Nothing stirred. He glanced quickly behind him and stepped forward to enter the building. 

A sudden faint pattering alerted him too late to the elf racing into the alley, but he turned swiftly enough to raise his arm and intercept the blow.  The sharp blade sliced through cloak and tunic to bite into the flesh of his arm.

‘You killed her,’ a voice hissed, ‘just as surely as I am going to kill you.  You murdered my daughter.’

The sharp metallic scent of fresh blood made his head spin as he looked into the angry face, but instinct made him clutch at the wrist of the hand bearing the wicked blade stained red.  ‘I do not know what you are talking about,’ he said faintly.

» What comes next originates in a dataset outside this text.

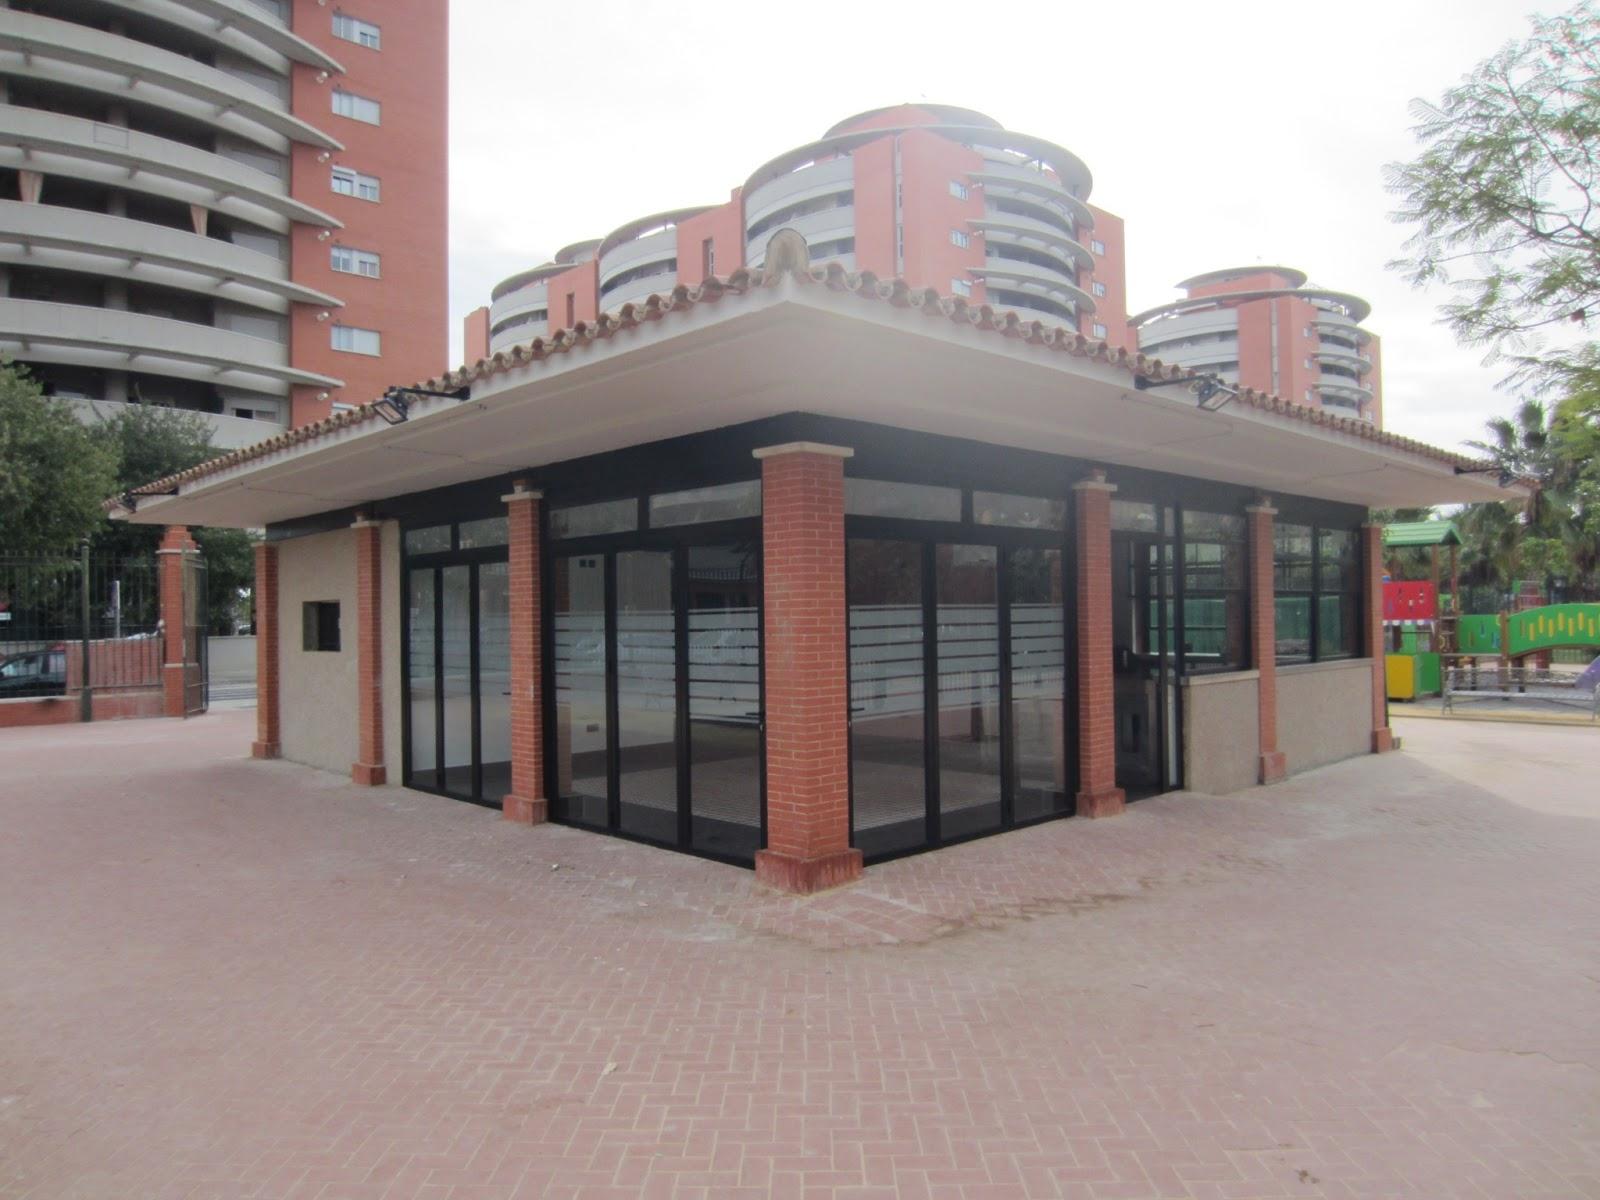 Arquibox inaugurada sede asociaci n de vecinos jardines de h rcules sevilla a o 2012 - Jardines de hercules sevilla ...

‘Liar!’ shouted Macar, attempting to wrench back control of the knife.

The watchers came out of the dark before either of the combatants realised they were there.

‘Thank the Valar,’ Minastan said piously as two of them pinned his assailant’s arms and disarmed him.  ‘I have no idea why he attacked me like that – as you can see, I am quite unarmed.  He could have killed me.  If you take him away, I will see about having my injury treated.’

‘I am afraid that it will not be that simple,’ the leader of his rescuers said politely.  ‘The High King requires your company – and he is not fond of waiting.  I am sure that you understand my position.’

Minastan’s eyes sought escape, but he could find none. He growled in helpless fury, before rolling up his eyes and falling heavily to the ground. 

‘That will not work either,’ the captain informed the apparently unconscious elf.  ‘Bind him securely – and then tie something round his arm.  The High King will be most displeased if we allow him to bleed to death at this point.’

Macar spat viciously at the body on the ground.  ‘It is too good for him.’

‘You may consider yourself lucky that we were here to stop you doing too much damage,’ the captain told him sympathetically. 

The look of bitter desolation Macar turned on him made him catch his breath.  ‘Why should I care what penalty the High King chooses to exact?’ he asked.  ‘The Blessed Realm would be a better place without this son of an orc polluting the air.’

‘It is not your decision to make,’ he answered.  ‘Wait and see what the King decides before you throw away your own life.’  He turned to his men.  ‘Keep firm hold of him,’ he said.  ‘We will need to take him with us.’ He prodded Minastan’s body.  ‘This one is not going to get away.  Linion,’ he instructed, ‘borrow a cart from someone in the market – we will truss him up in that until we get him locked safely away. Keep your weapons ready.  Now, please.’